本実施例ではData Import Role ARNとして下記のAWS IAMを使用し、手順5にてAmazon S3からMySQL DB Systemにサンプルデータをロードします。
arn:aws:iam::612981981079:role/oracle-mysql-heatwave-sample-data-role



- WorkspacesタブのData Importsタブに移動し Connect to MySQL DB Systemをクリックしたらポップアップが出るので、手順2で作成したデータベース名、ユーザ名、パスワードを記入して接続します。

- Import Dataをクリックします。

- Import Data into MySQL DB Systemフォームを埋めて、Importをクリックします。サンプルデータairportのMySQL Dumpを使用するには、下記のURIでAmazon S3バケットにアクセスしてください。
s3://oracle-mysql-heatwave-sample-data-us-east-1/published/airportdb/v1/mysqldump/

- Import Data into MySQL DB Systemフォームで書いたDisplay nameが表示されるので(実施例ではAirportDB)、クリックします。

- 全てのスキーマとテーブルがMySQLにロードされるまで(約10〜15分)、WorkspacesタブのDetailsにスキーマ毎、テーブル毎のデータ・インポートの進捗が表示されます。ロードが完了したら、Stateのランプが黄色から緑色になり、In ProgressからSucceededと表示が変わります。

- WorkspacesタブのManage Data in Heatwaveタブに移動し、airportdbの全てのテーブルを選択したらLoad into HeatWaveをクリックします。

- ロード操作を開始するために、ポップアップ画面のLoad Tablesをクリックします。

- 全てのテーブルがHeatWaveにロードされるまで(約2〜3分)、スキーマ毎、テーブル毎のデータ・インポートの進捗が表示されます。表示を更新するにはRefresh Estimateをクリックします。

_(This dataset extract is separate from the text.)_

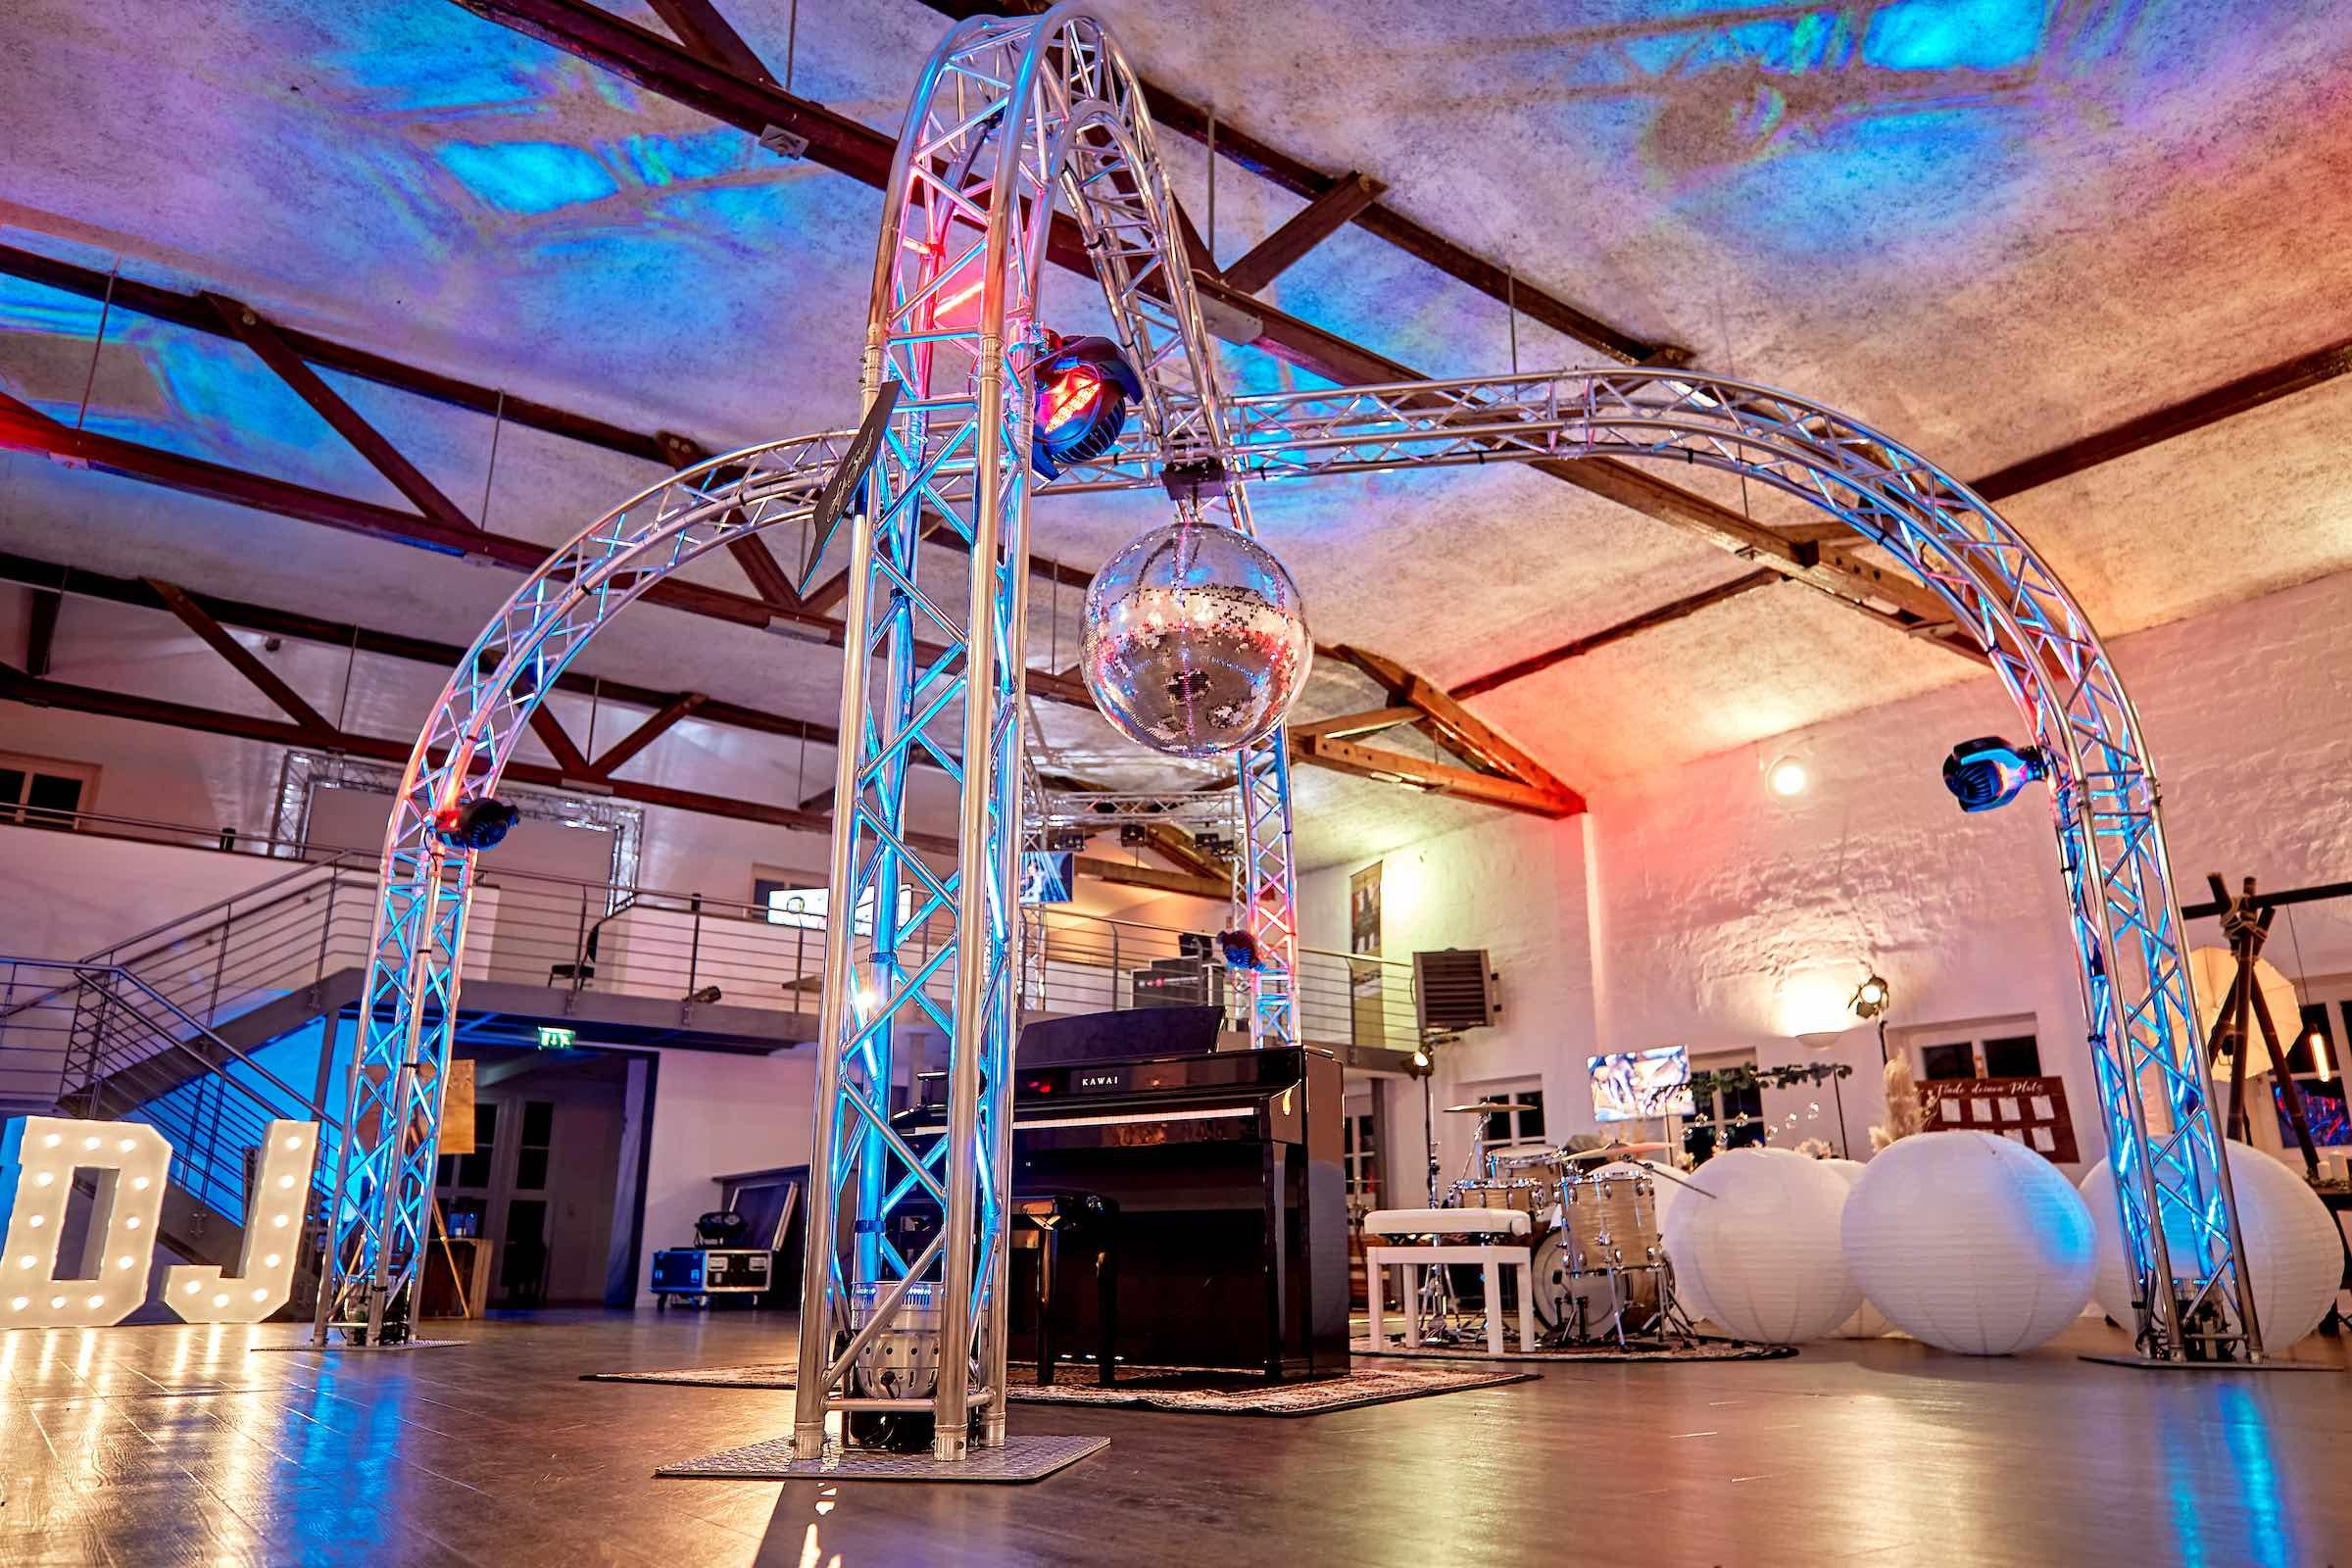 Lichttechnik | Veranstaltungstechnik | Beleuchtung | Tanzfläche | Lichtshow | Traversen | Traversentechnik | Beleuchtung | LED | Event | Messe | Firmenfeier | Buchen | Mieten | Hannover

- WorkspacesタブのQuery Editorにて、実行したいSQL文を入力しRun Queryをクリックします。下記は実行例です。
USE airportdb; SELECT price, count(*) FROM booking WHERE price > 500 GROUP BY price ORDER BY price LIMIT 10;

- HeatWaveの高速処理により、実施例では上記のクエリを1秒未満で実行できました(約0.410秒)。

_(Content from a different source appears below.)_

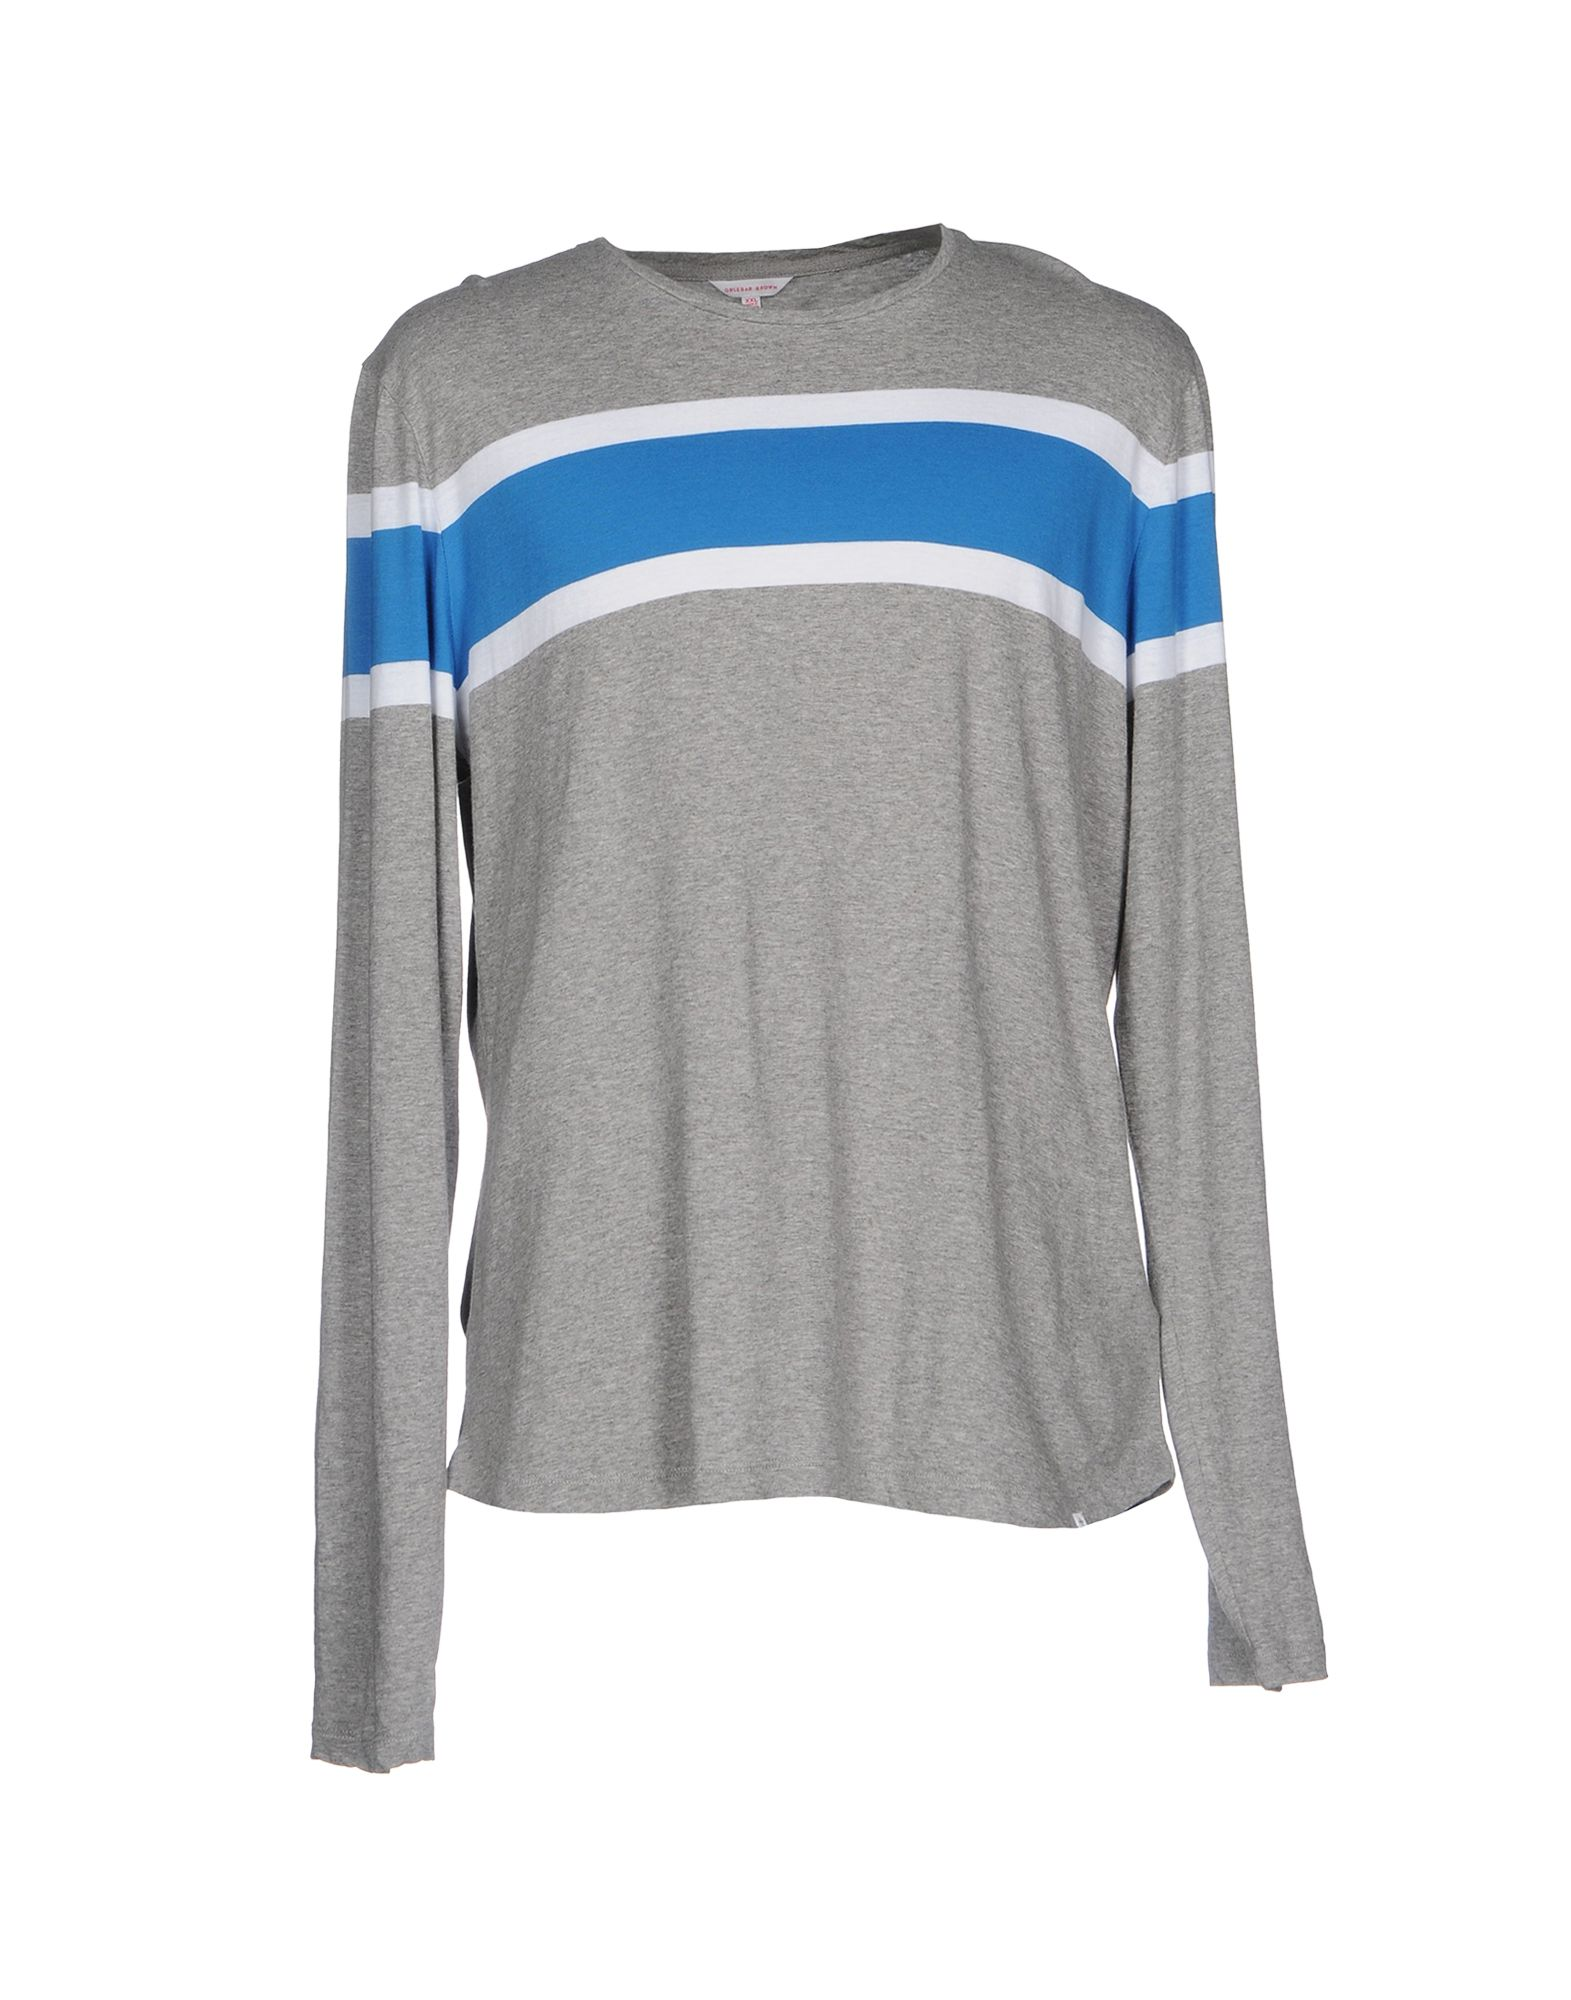 'ORLEBAR BROWN T-shirts

- HeatWaveからairportdbをアンロードしMySQLのみで同じクエリを実行すると、実施例ではHeatWaveを用いたときと比べて処理時間が約40倍長くかかりました(約17.4秒)。
USE airportdb; SET session use_secondary_engine=OFF; SELECT price, count(*) FROM booking WHERE price > 500 GROUP BY price ORDER BY price LIMIT 10;

総括
本記事でご紹介した方法は、シンプルな操作性で安全に、高い費用対効果でMySQL HeatWave on AWSへのデータ・インポートを実現します。Amazon S3からMySQL HeatWave on AWSに直接かつ迅速にデータをインポートしていただける様に、この機能は直感的に操作できるWebコンソールで提供されています。ユーザの皆様にはAmazon S3に保存してあるデータに対して、MySQL HeatWave on AWSが実現するトランザクション処理、高速分析、機械学習を活用していただけるようになります。